If you successfully build wealth as a real estate developer, for example, your gains are a fortune because you are investing in a field where many things can go wrong. Let’s say you were always able to flip properties just before the housing market turned against you; this is clearly good luck, and it is when we can say that the wealth you built is indeed a fortune.

Luck is an aspect of investing that cannot be ignored. Even legendary investors such as Warren Buffett, who happens to be one of the biggest fans of compound interest, will tell you that luck has blessed not only his investments but his life in general. Granted, Buffett is also known for being a highly disciplined investor, but he admits that he has been luckier than most. All the same, Buffett has also stayed away from investing strategies that would have presented more risk than he is willing to tolerate; in other words, he has made financial decisions based on the lesser likelihood of things going wrong.

Here we are going to explain a few principles of compound interest investing and how it can help you build and earn wealth. Even though compounding is a financial strategy in and of itself, it does not have to be the sole investing activity you get into; however, it should be clear to see how it can help you achieve personal financial goals.

Compound Interest as the Ultimate Hedge Against Financial Risk

Compound Interest as the Ultimate Hedge Against Financial Risk

We already mentioned a successful real estate developer who never got caught up in a market downturn as an example of a lucky investor. We also mentioned that Warren Buffett is not the type of investor who takes chances; he prefers the simplicity of compound interest because of how straightforward it is for everyone and also because it does not leave much to chance.

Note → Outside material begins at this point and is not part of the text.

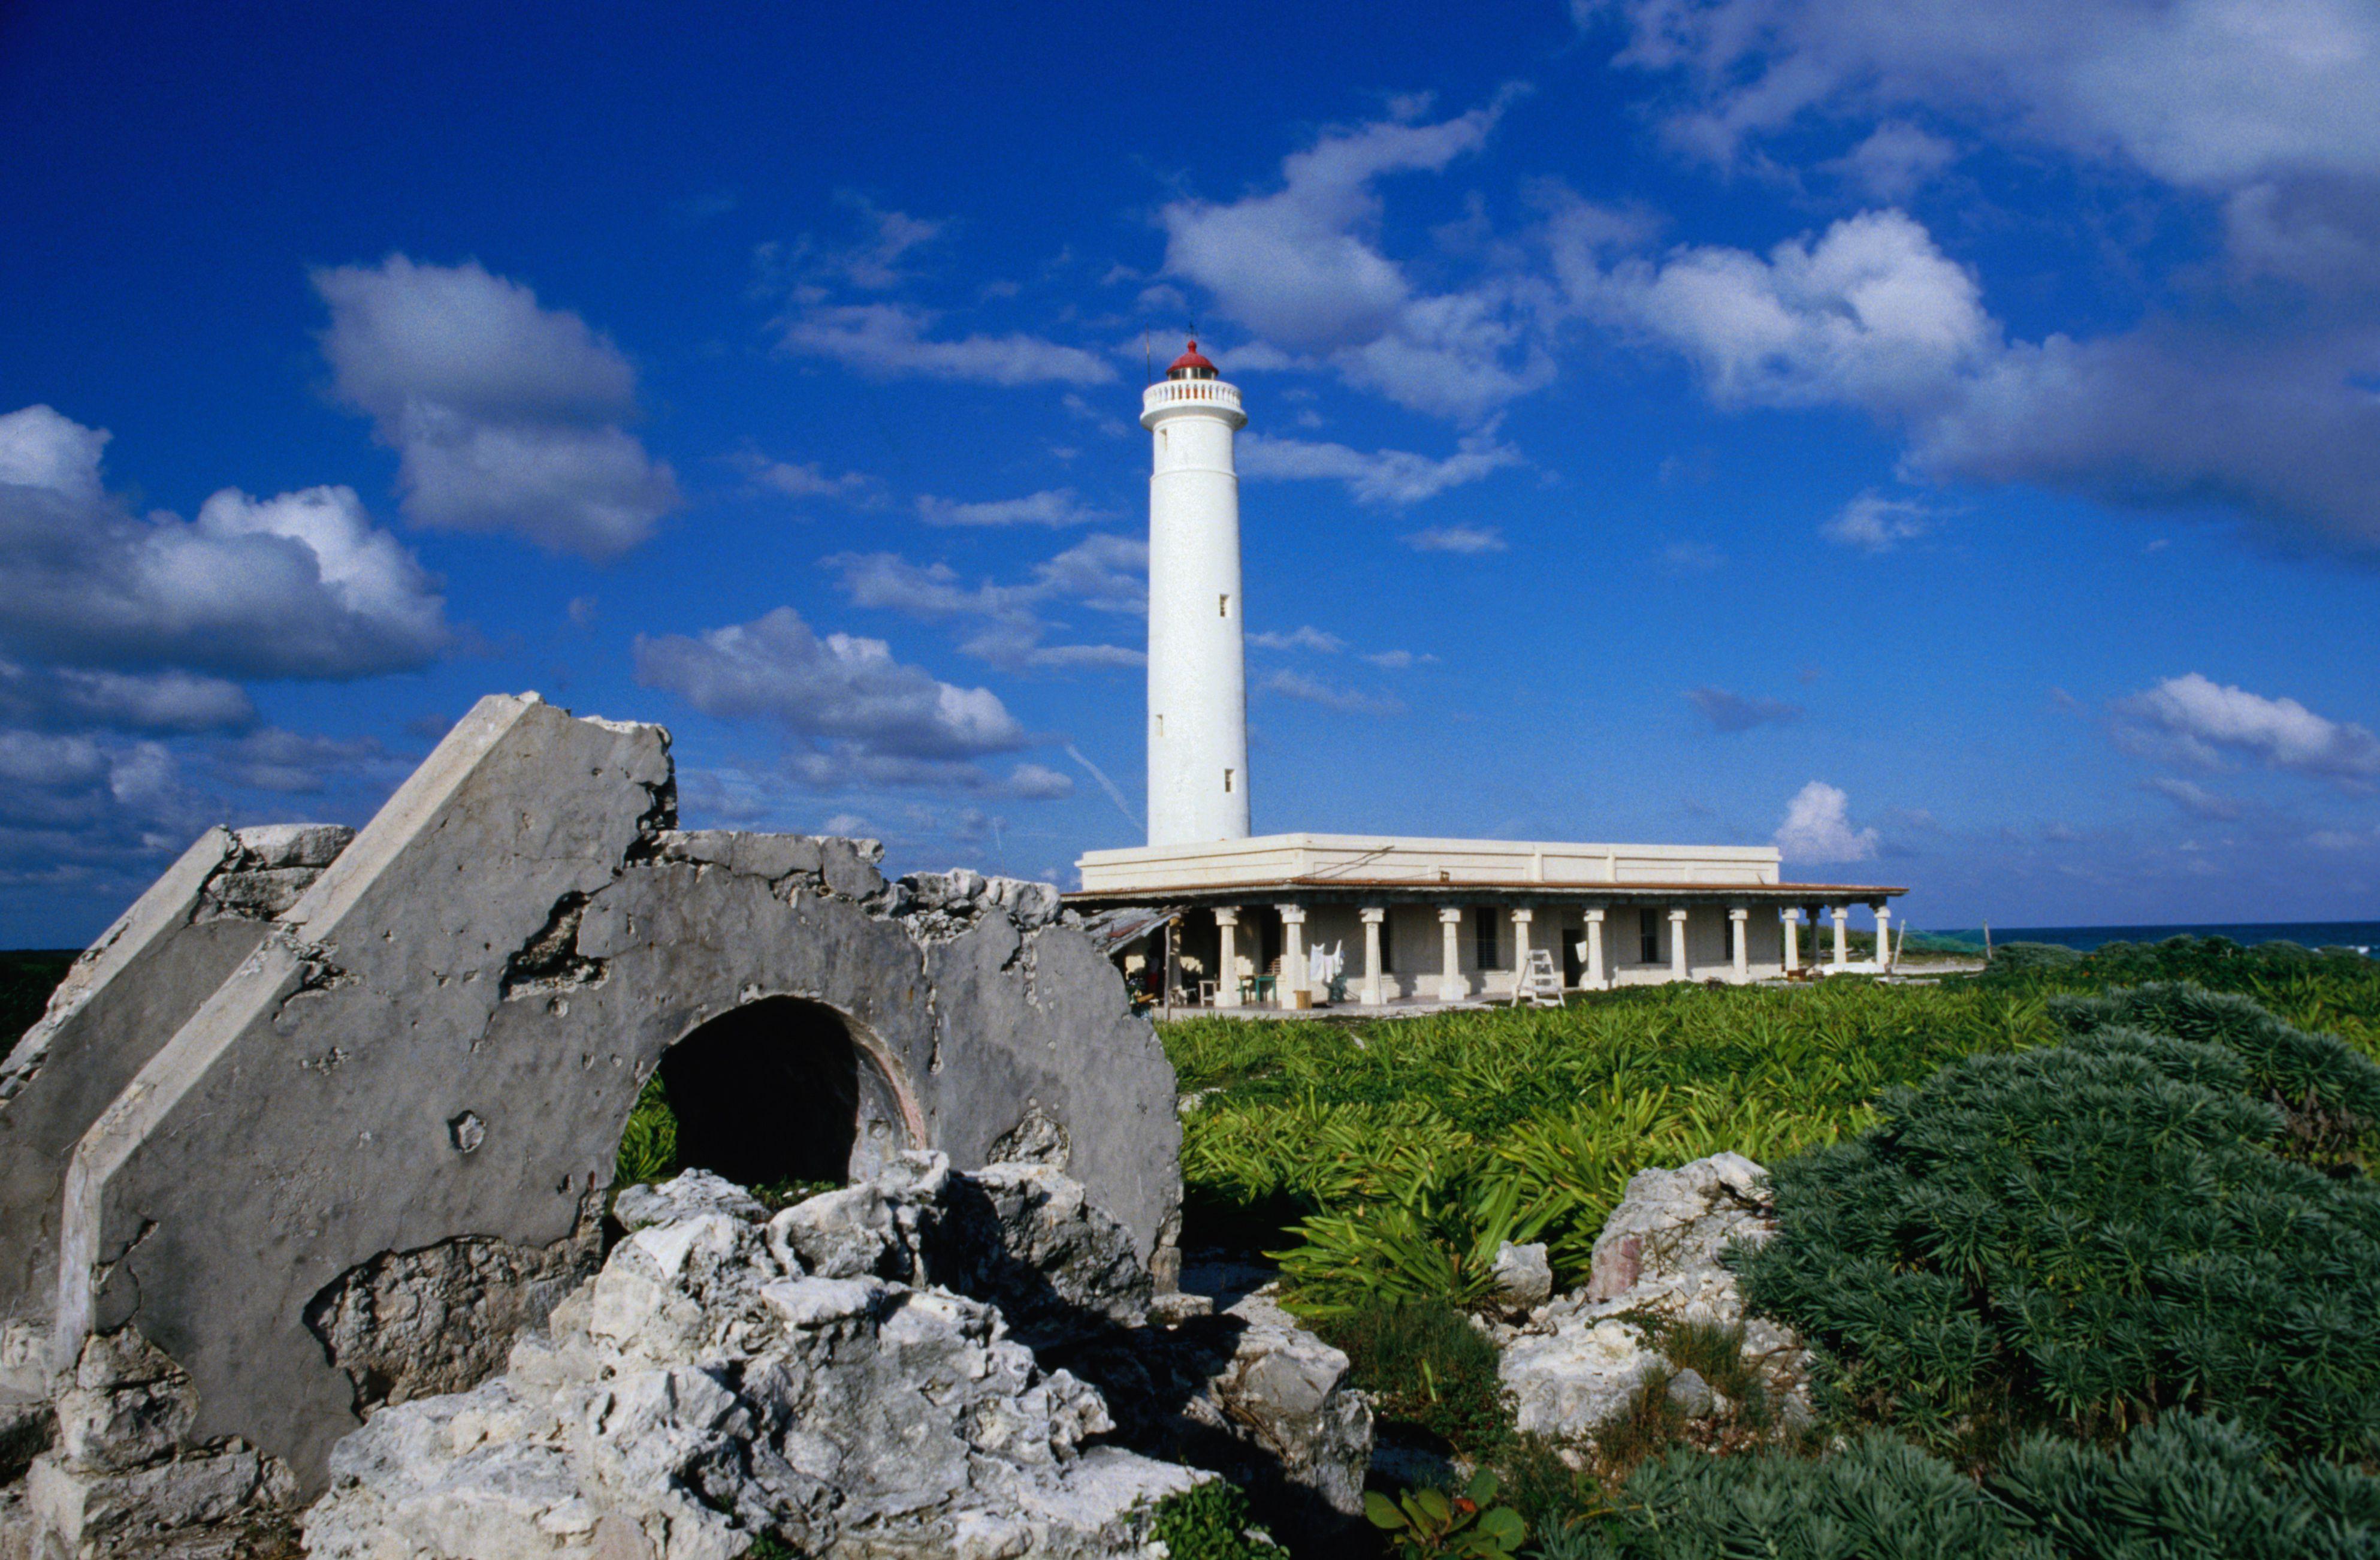 Lighthouse on the island of Cozumel

In financial mathematics, compound interest is nothing more than an exponential logarithm, which is to say that it can be boiled down to a simple formula. You can see how the formula works by playing around with our calculators, which only require you to input parameters such as initial deposit, compound interest, frequency of interest payments, amount of periodic contributions, and how long you plan on keeping the account active.

There is not much that can go wrong with the most rudimentary form of compounding, which is to deposit money into a high-yield savings or money market account. Assuming that the account is in a bank or credit union in the United States, the worst that could happen would be the institution failing, in which case your money is safe for up to $250,000, thanks to the Federal Deposit Insurance Corporation.

The most common issue faced by compound interest investors is when income stops flowing and they cannot contribute to the account with cash deposits. When this happens, your calculations are thrown off, but you are still earning compound interest on your balance, and this will not stop until you take your money out and decide to close the account.

Compared to real estate investing, the risks of compounding are null. Real estate has too many moving parts; in a single deal, you may run into issues related to zoning, structural damage, title disputes, clerical errors, unethical practices, and even market conditions. Even blue-chip stock investing is far riskier than compound interest because you can never know if the stocks you pick will experience the same growth as Amazon or Tesla.

Getting Rich Slowly

Getting Rich Slowly

Compounding is the polar opposite of investing styles such as day trading or house flipping. Unless you are able to constantly inject sizable cash contributions to your compound interest account, it will take a while for you to build wealth.

Let’s say a 25-year-old chef from New York wants to get started with compound interest in May 2022. She has $500 on hand and is able to deposit at least $100 per month into her NY Community Bank money market account, which compounds daily at an annual percentage yield of 1%. By the time she is 45, this young investor will have grown her initial deposit to more than $27,000. We don’t need a compound interest calculator to know that this is not a lot of money, but what happens if the chef decides to contribute $500 per month instead?

Thanks to our calculators, we can see that the NY chef in our example could grow her compound interest account to $133,450 after 20 years of contributing $500 per month. Of course, this may require certain efforts, such as cutting back on restaurant meals and Starbucks, but she would actually be building wealth.

While it is true that a house flipper could make $27,000 with a single deal, and a day trader could make that in a week of taking market positions on volatile stocks, these investors are subject to the kind of financial risk that our NY chef will never have to worry about.

As long as you have time on your side, compound interest will not let you down as an investing strategy, and you do not need to make it the only asset in your portfolio. If you actively trade stocks, bonds, or cryptocurrency, you can always direct your trading profits into a compound interest account in order to maximize your returns down the line.